Now that is so important, because if my righteousness depends on my doing anything, it becomes my own righteousness. It is no longer an alien righteousness, and it is not the righteousness of God. Faith is then made into a work, and then grace is no longer grace. If any part of justification is our doing—if we contribute to the basis of our righteousness in any way—then there is no Gospel, and we are all damned in our sins. God’s holiness is so magnificently perfect, His standard is so high, and our depravity is so pervasive, that all of our righteousness must be a free gift of His sovereign grace, because we could never earn it.
498 years ago, on October 31, 1517, Martin Luther famously nailed his 95 Theses to the Castle Church door in Wittenberg, Germany, kick-starting the Protestant Reformation. Nearly 500 years later, God’s people reserve this day to celebrate the rescue of His Word from the shackles of Roman Catholic tyranny, corruption, and heresy. The glorious Gospel of Jesus Christ as revealed in the sufficient Scriptures had been recovered, and it’s been doing its saving work ever since.
Romans 1:16–17 stands at the heart of the Reformation, especially because of how central it was in Luther’s conversion. Luther speaks of how he had hated the phrase, “the righteousness of God,” because he understood it to be speaking only of God’s standard of righteousness by which He would judge unrighteous sinners. But eventually, he says, “I began to understand that the righteousness of God is that through which the righteous live by a gift of God, namely by faith. Here I felt as if I were entirely born again and had entered paradise itself through the gates that had been flung open.”
Today, as we reflect upon and remember the grace of God that fell upon the world in the Protestant Reformation, I want to reflect upon the Gospel that made it happen—and particularly the concept of righteousness which was so central to the regeneration of the great reformer. And to do that I want to focus on another text that Paul penned, which gives us wonderful insight into the saving righteousness of God. In Philippians 3:9, Paul explains what it means to be found in Christ—namely, “not having my own righteousness, which is from the law, but that which is through faith in Christ, the righteousness which is from God by faith” (NKJV).
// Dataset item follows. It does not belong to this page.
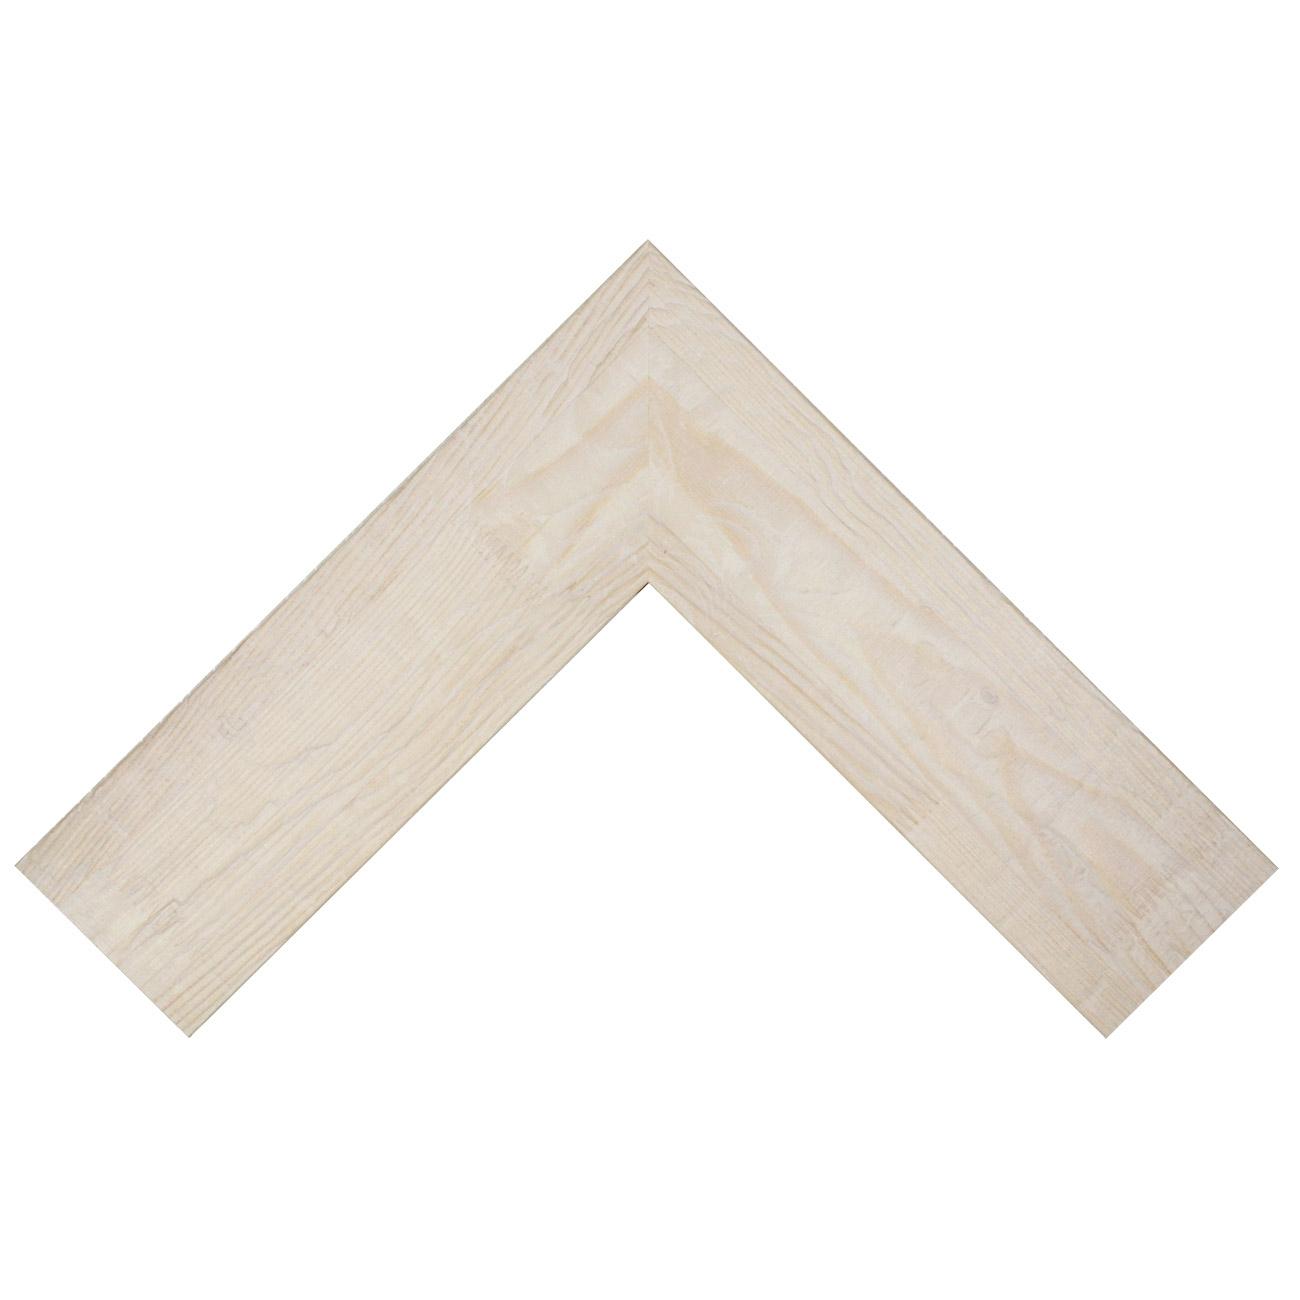 Baguette bois profil plat largeur 9.5cm couleur blanchie bois veiné

In this verse, Paul contrasts two different kinds of righteousness. And really he is contrasting two systems of salvation, because the only way one can be saved is to be found righteous before God. And though Paul is contrasting Christianity with Judaism in particular, what he says about Judaism can be applied to every other religious system in the world. As John MacArthur has often said, there are only two categories of religion in the world: (a) the religion of human achievement, where man works to achieve his own righteousness; and (b) the religion of divine accomplishment, where God accomplishes righteousness on man’s behalf and then freely gives that righteousness as a gift. The religion of divine accomplishment is Christianity. The religion of human achievement is every other religious system in the history of mankind. These two religions are delineated very carefully in Philippians 3:9.
The Source of Righteousness
Note first the source of saving righteousness. Paul says, “…not having my own righteousness,which is from the law, but that which is through faith in Christ, the righteousness which is from God by faith.”
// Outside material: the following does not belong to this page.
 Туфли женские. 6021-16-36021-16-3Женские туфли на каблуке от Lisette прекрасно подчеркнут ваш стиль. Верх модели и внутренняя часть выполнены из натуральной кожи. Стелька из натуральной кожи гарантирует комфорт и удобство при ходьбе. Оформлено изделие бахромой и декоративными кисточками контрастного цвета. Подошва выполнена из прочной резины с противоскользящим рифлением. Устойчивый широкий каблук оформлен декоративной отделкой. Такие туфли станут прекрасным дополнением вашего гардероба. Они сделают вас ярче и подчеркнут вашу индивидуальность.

In the religion of human achievement, the source of righteousness is law-keeping. There is some moral and/or ritualistic standard by which man is to order his life, and if he does that successfully, he may achieve a righteousness that is acceptable to his god. He earns his righteousness by keeping a law—by doing good works—whether that’s the Law of Moses or Roman sacramental system, his hope is that obedience to that standard is able to provide righteousness.
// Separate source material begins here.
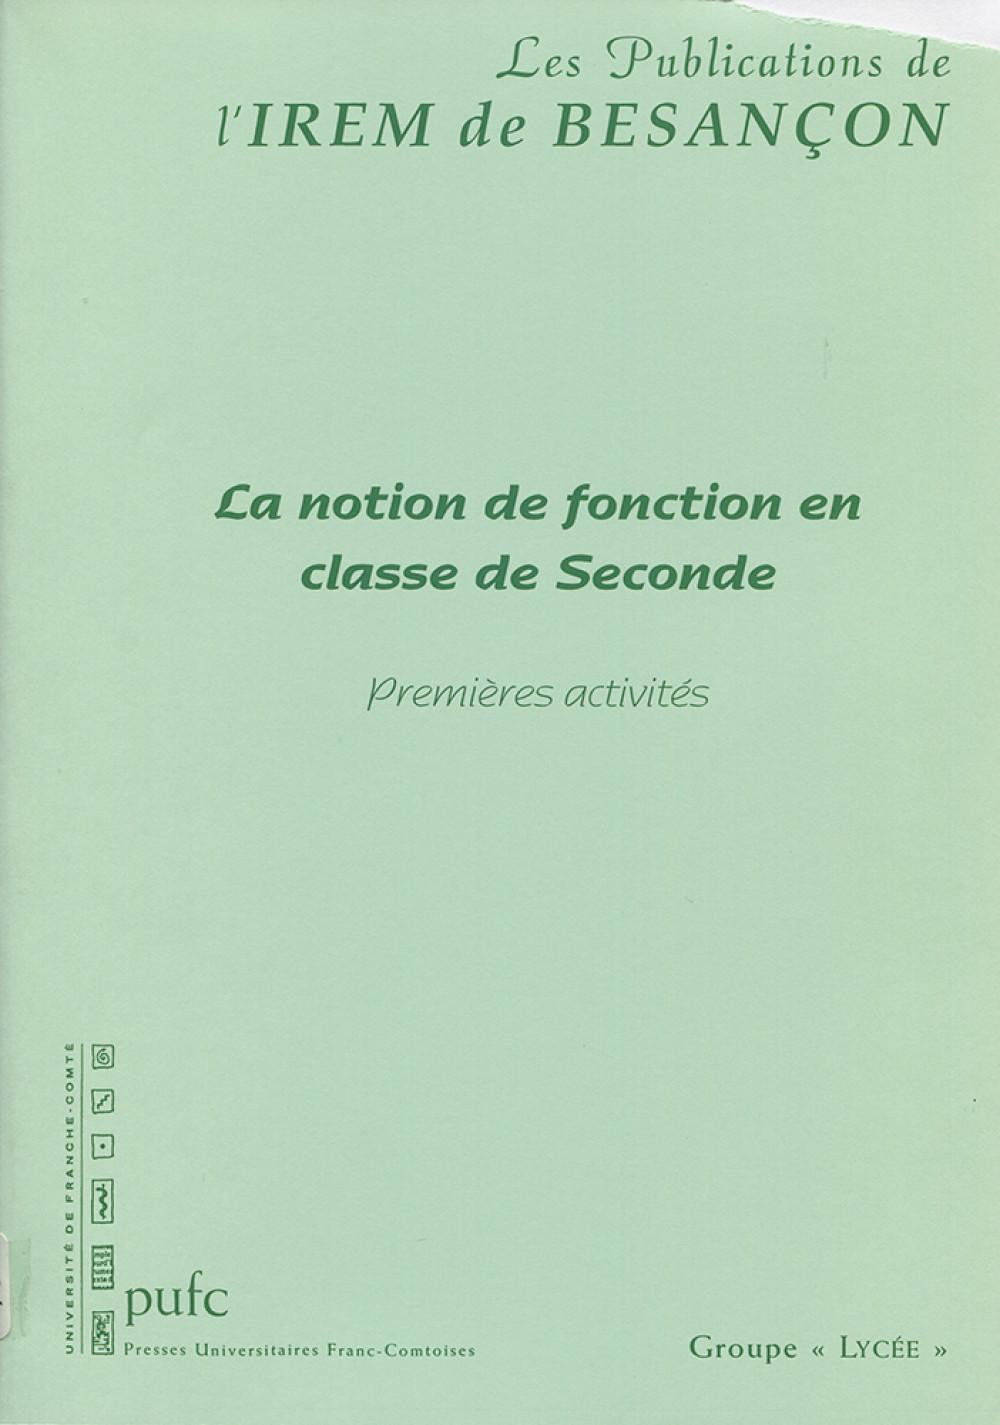 La notion de fonction en classe de seconde

But in the religion of divine accomplishment, the source of righteousness is God Himself. InGalatians 3:21, Paul says that no law has been given which is able to impart life. Because of humanity’s total depravity—because the depth of our sinfulness runs to the very core of our being—the only thing that law could do was to arouse our sinful passions and demonstrate our inability to obey as we ought. That’s why Paul says in Romans 3:20: “…by the works of the Law no flesh will be justified in [God’s] sight; for through the Law comes the knowledge of sin.” Because we are sinful to the core, the standards of God’s righteousness can never free us from sin; they can only point out where we have continued to fall short of God’s standard.
And so Paul doesn’t want a righteousness that is sourced in the law; no such thing could exist!